A multiprocessor apparatus incorporating a shared memory has been described. Various modifications and changes may be made thereto without departing from the broader scope of the invention as set forth in the claims. The specification and drawings are, accordingly, to be regarded in an illustrative rather than a restrictive sense.

Claims
  • 1. An apparatus, comprising: first and second processors; and a single port memory shared by the first and second processors, wherein the first and second processors and the memory reside within the same integrated circuit package.
  • 2. The apparatus of claim 1 wherein the first processor retrieves a first and a second instruction from the shared memory while its fetch signal is enabled.
  • 3. The apparatus of claim 1 wherein the first and second processors and the memory reside on a same integrated circuit die.
  • 4. The apparatus of claim 1 wherein the first and second processors and single port memory are fabricated as a complementary metal oxide semiconductor (CMOS) integrated circuit.
  • 5. An apparatus, comprising: a memory; and a plurality (M) of processors coupled to share the memory, wherein access to the memory is time-division multiplexed among the plurality of processors.
  • 6. The apparatus of claim 5 wherein the processors are Harvard architecture processors and the memory is a program store.
  • 7. The apparatus of claim 5 wherein the memory stores a plurality of single clock instructions, wherein each processor has access to the memory every M clock cycles.
  • 8. The apparatus of claim 7 wherein a selected processor retrieves M words of instruction forming K instructions during a given clock cycle, wherein if K<M such that the K instructions have differing sizes, the processor executes M−K NOP instruction in addition to the K instructions.
  • 9. The apparatus of claim 7 wherein the processor retrieves M words of instruction forming K instructions during a given clock cycle, wherein K=M such that the K instructions have the same size.
  • 10. The apparatus of claim 5 wherein the plurality of processors and the memory reside within a same integrated circuit package.
  • 11. The apparatus of claim 10 wherein the plurality of processors and the memory reside on a same integrated circuit die.
  • 12. The apparatus of claim 11 wherein the plurality of processors and memory are fabricated as a complementary metal oxide semiconductor (CMOS) integrated circuit.
  • 13. The apparatus of claim 5 wherein M=2.
  • 14. The apparatus of claim 5 wherein M>2.
  • 15. A method of sharing a memory among a plurality of processors, wherein each processor: a) retrieves M words forming K instructions from a shared single port memory while the processor is fetch-enabled; b) executes each retrieved instruction; and c) executes M−K NOP instructions if K<M, wherein at least one instruction is executed while the processor is fetch-disabled.
  • 16. The method of claim 15 wherein M=K.
  • 17. The method of claim 15 wherein the plurality of processors are mutually-exclusively fetch-enabled such that no two processors access the shared memory concurrently.
  • 18. The method of claim 15 wherein each of the retrieved instructions and any NOP instruction is a single clock instruction.

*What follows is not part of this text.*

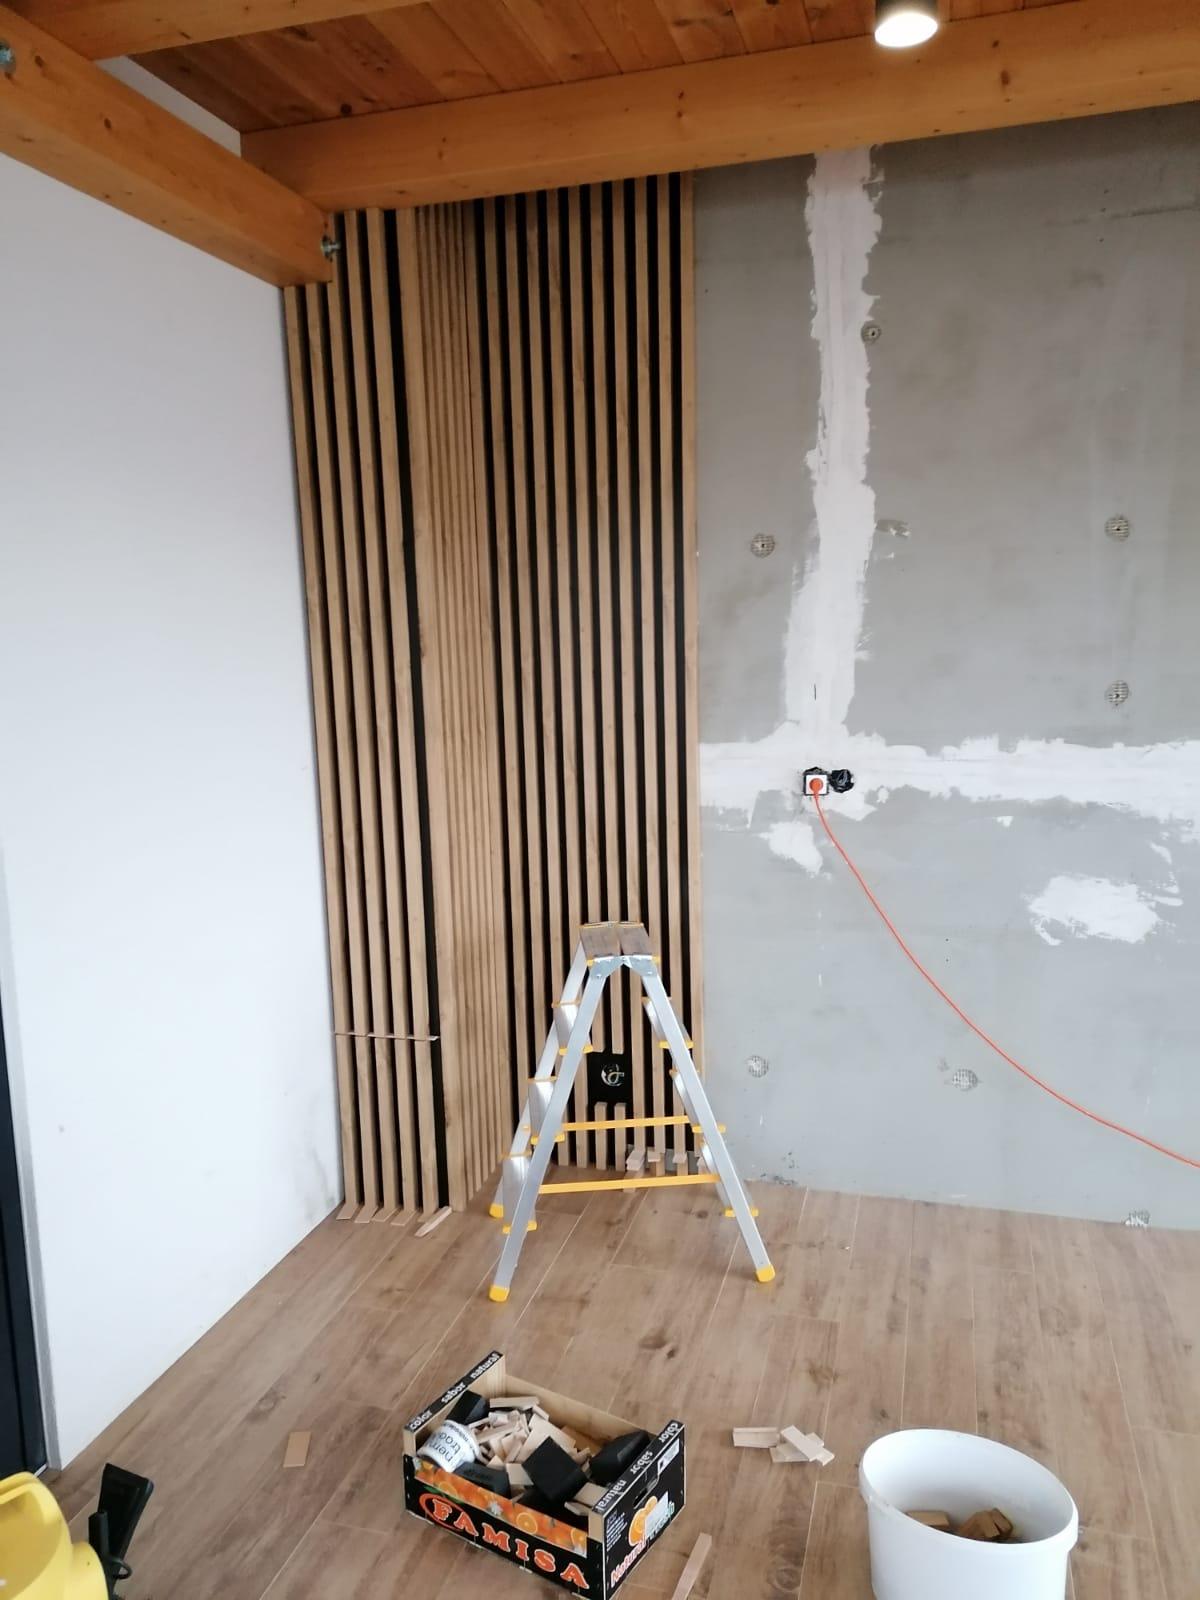 Lamelová stena Senica - lamelová stena, lamelový strop, lamely na stenu, lamelový obklad, stenové lamely, montáž lamely, samostatné lamely, dubové lamely, interiérové stenové lamely 2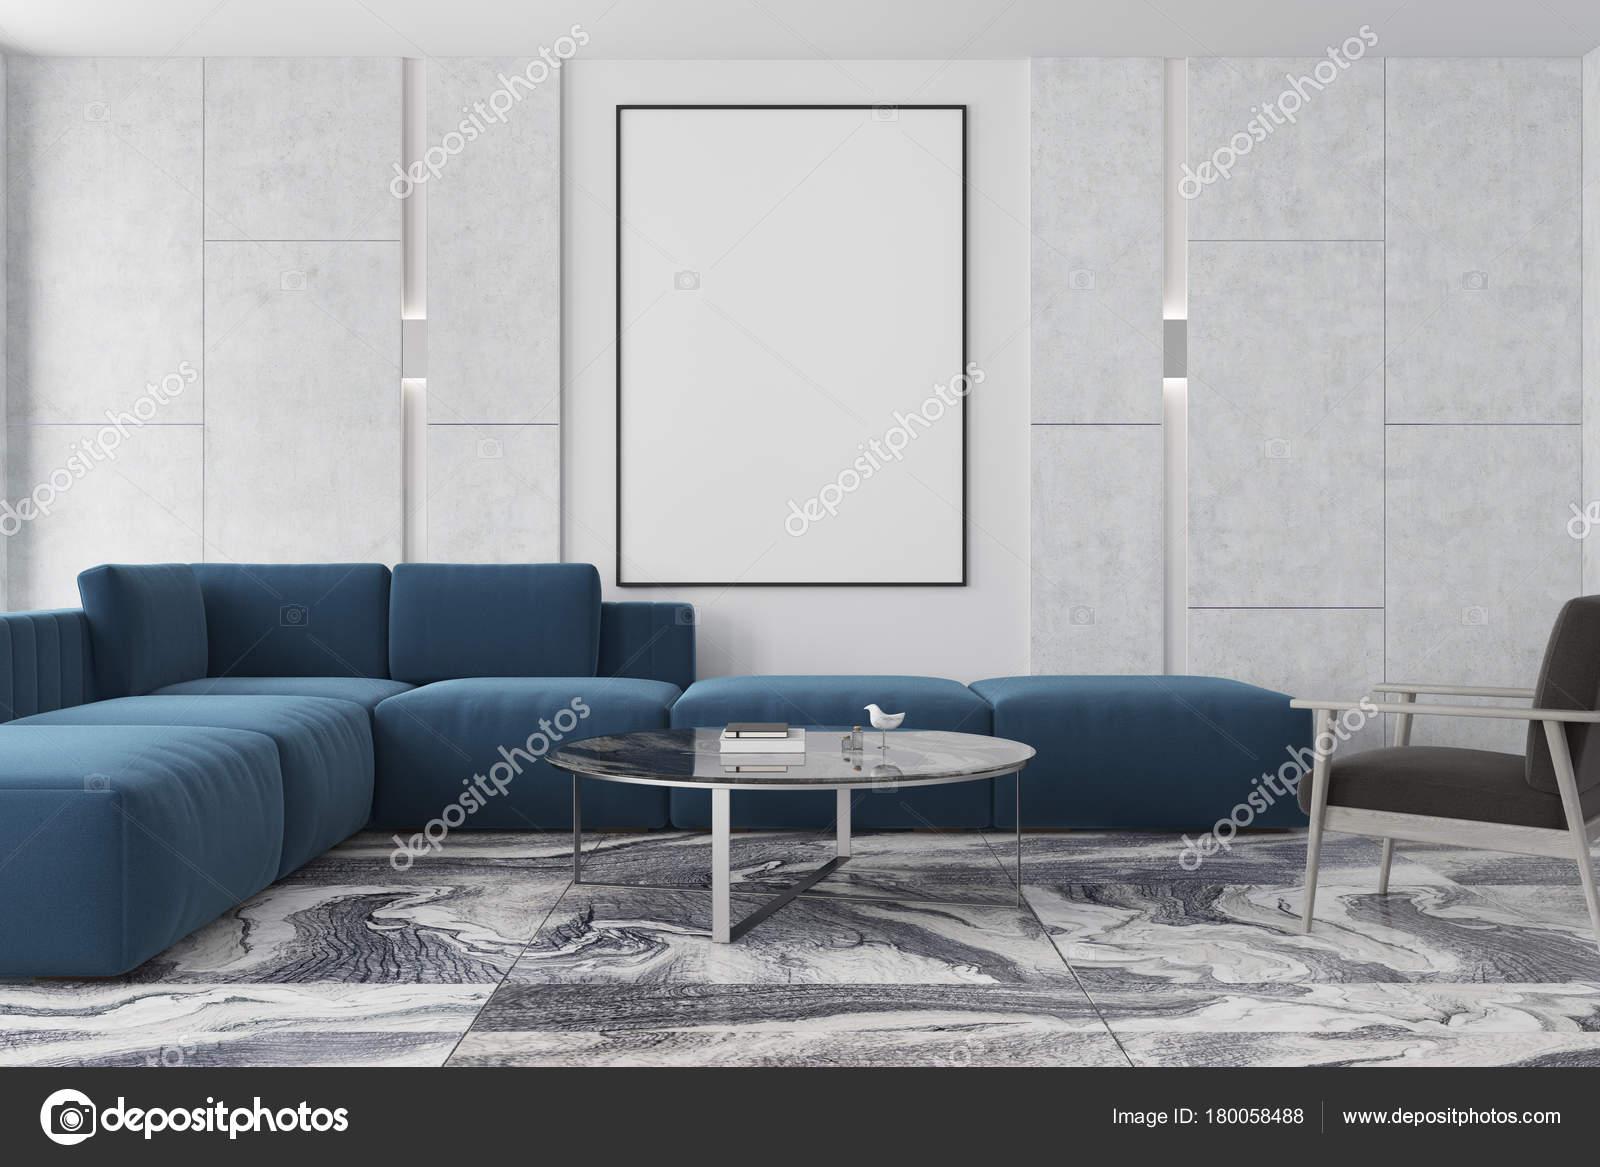 Marmer In Woonkamer : Marmeren en bruine woonkamer poster blauw sofa u stockfoto

  • 19. The method of claim 15 wherein the plurality of processors and the shared single port memory reside on a same integrated circuit die.
  • 20. A method of sharing a memory among a plurality of processors, wherein each processor: a) retrieves M words of K instructions from a shared memory; b) executes each retrieved instruction, wherein for any retrieved instruction i of word length Ni>1, Ni−1 NOP instructions are also executed.
  • 21. The method of claim 20 wherein each of the retrieved instructions and any NOP instructions are single clock instructions.
  • 22. The method of claim 20 wherein the plurality of processors are mutually-exclusively fetch-enabled such that no two processors access the shared memory simultaneously.
  • 23. The method of claim 20 wherein the plurality of processors and the shared memory reside within a same integrated circuit package.
  • 24. The method of claim 20 wherein the plurality of processors and the shared memory reside on a same integrated circuit die.